Поразмыслив, наряду с бактериями и вирусами, многие вспоминают таких представителей микроорганизмов, как «грибки». И здесь есть нюанс: грибы – это обширное царство живой природы, включающее и какой-нибудь опёнок или мухомор, и пекарские дрожжи, и кандида (причины «молочницы»), и аспергилл, знакомый вам по чёрному налёту на стенах и потолках сырых помещений, а заодно вызывающий у их обитателей аллергические реакции. Так вот, микробиология занимается только микроскопическими представителями этого разнообразия, то есть микромицетами (от греч. «микрос» – малый и «микос/мицес» – гриб) – дрожжами и плесенями.

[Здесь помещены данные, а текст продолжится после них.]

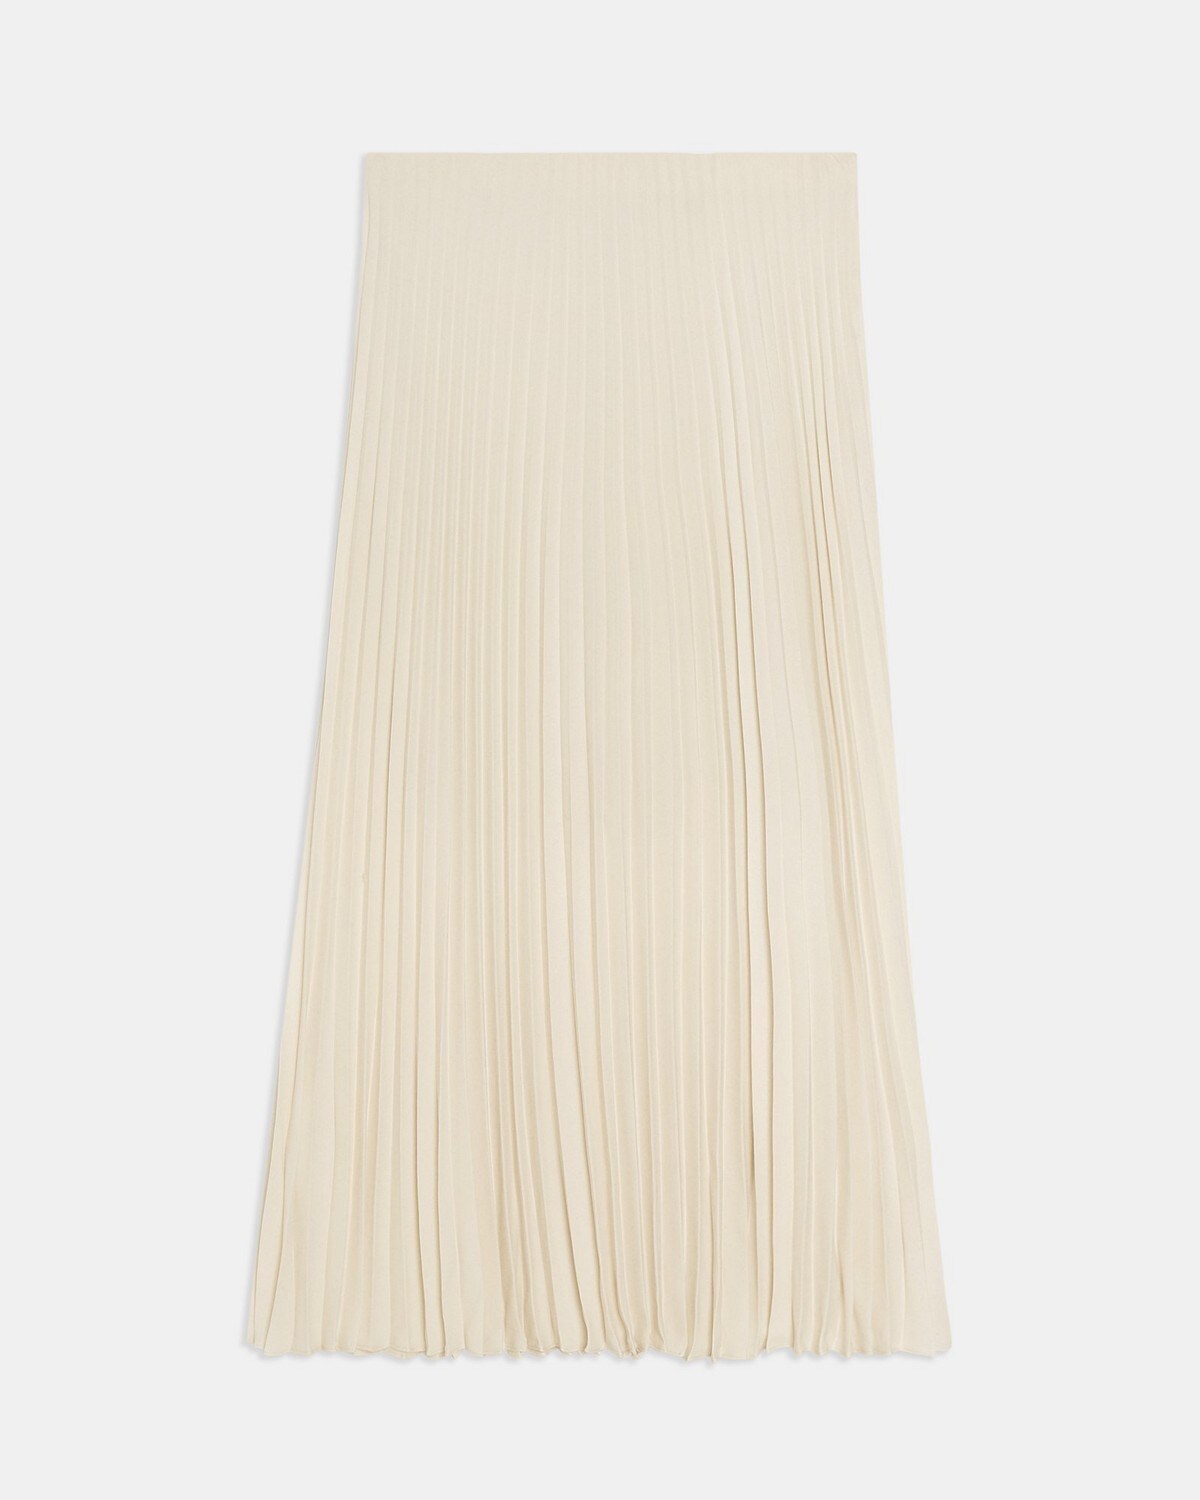 Layered Pleat Skirt in Recycled Georgette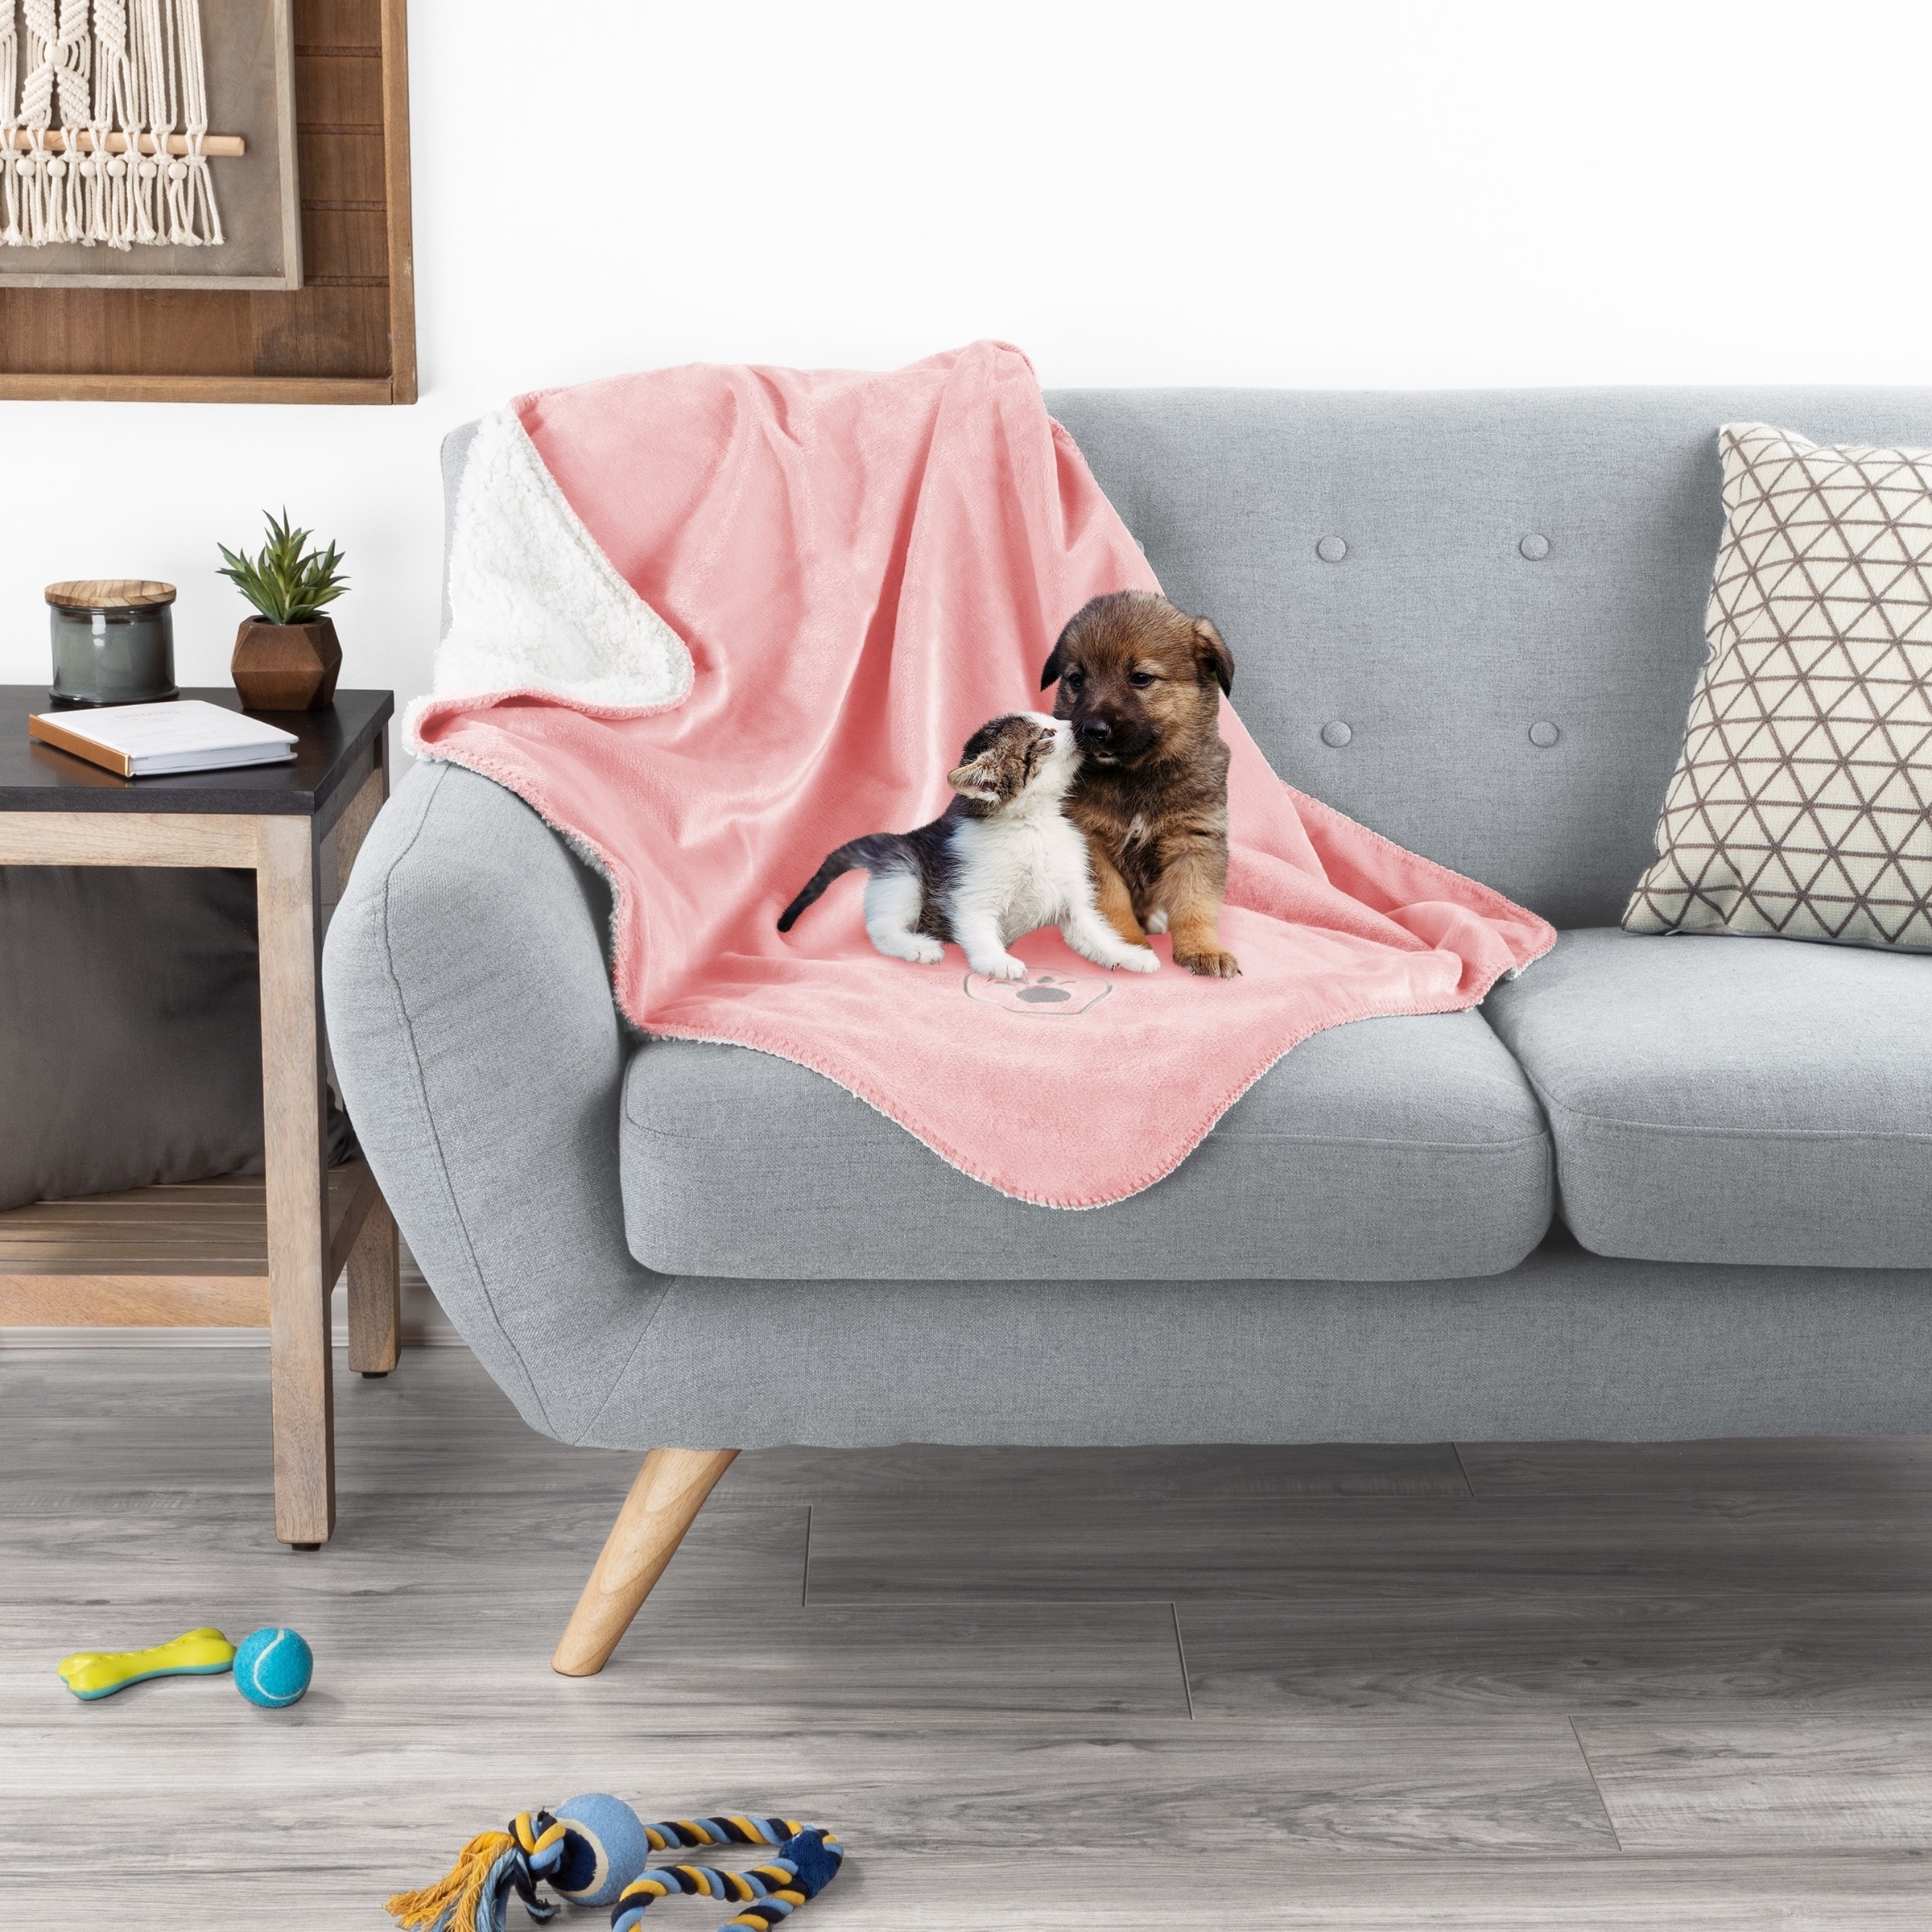 https://ak1.ostkcdn.com/images/products/28076967/Waterproof-Pet-Blanket-40inx30in-Plush-Throw-Protects-Couch-Chairs-Car-Bed-Machine-Washable-by-Petmaker-40x30-e61a8bd5-bca7-41fe-b200-2c2679c6f1fe.jpg

И да, терминологически правильно что микро-, что макромицеты называть одинаково – грибами. Но у обычных людей это вызывает путаницу, поэтому даже врачи в беседах с пациентами частенько прибегают к разговорной форме «грибок», «грибковое поражение кожи».

Грибы, в отличие от бактерий, уже являются эукариотами – у них есть полноценное ядро, как в клетках растений и животных. К растениям долгое время грибы и относили, хотя на деле они формируют совершенно отдельное самостоятельное царство природы. И здесь это не эпитет, а научный термин: царство грибов как классификационная категория будет называться «микота» или «фунги», смотря на какой язык вы переведёте слово «грибы» – латинский или греческий. В такие же царства объединены бактерии (название их царства Bacteria звучит сходно с русским вариантом), растения (царство «планте» или «флора») и животные (царство «анималия» или «зоа») с подцарством простейших («протозоа»).

Простейшие выделены в самостоятельную группу из большого царства животных (к которому относится и человек) на том основании, что, будучи полноценными эукариотами, они, как и прокариоты, всё же не в состоянии слиться в многоклеточный организм. Их клетки живут, питаются, дышат, охотятся или паразитируют, мигрируют к источнику пищу или скрываются от опасности, но всегда остаются одиночками. Максимум, на что способны простейшие, – объединяться в колонии по типу вольвокса. Но никакой специализации клетки в такой колонии не приобретают, оставаясь совершенно одинаковыми, в отличие от гигантского разнообразия клеток и тканей в многоклеточных организмах. По этой же причине одноклеточности простейшие доступны для наблюдения и изучения в основном только с использованием оптики.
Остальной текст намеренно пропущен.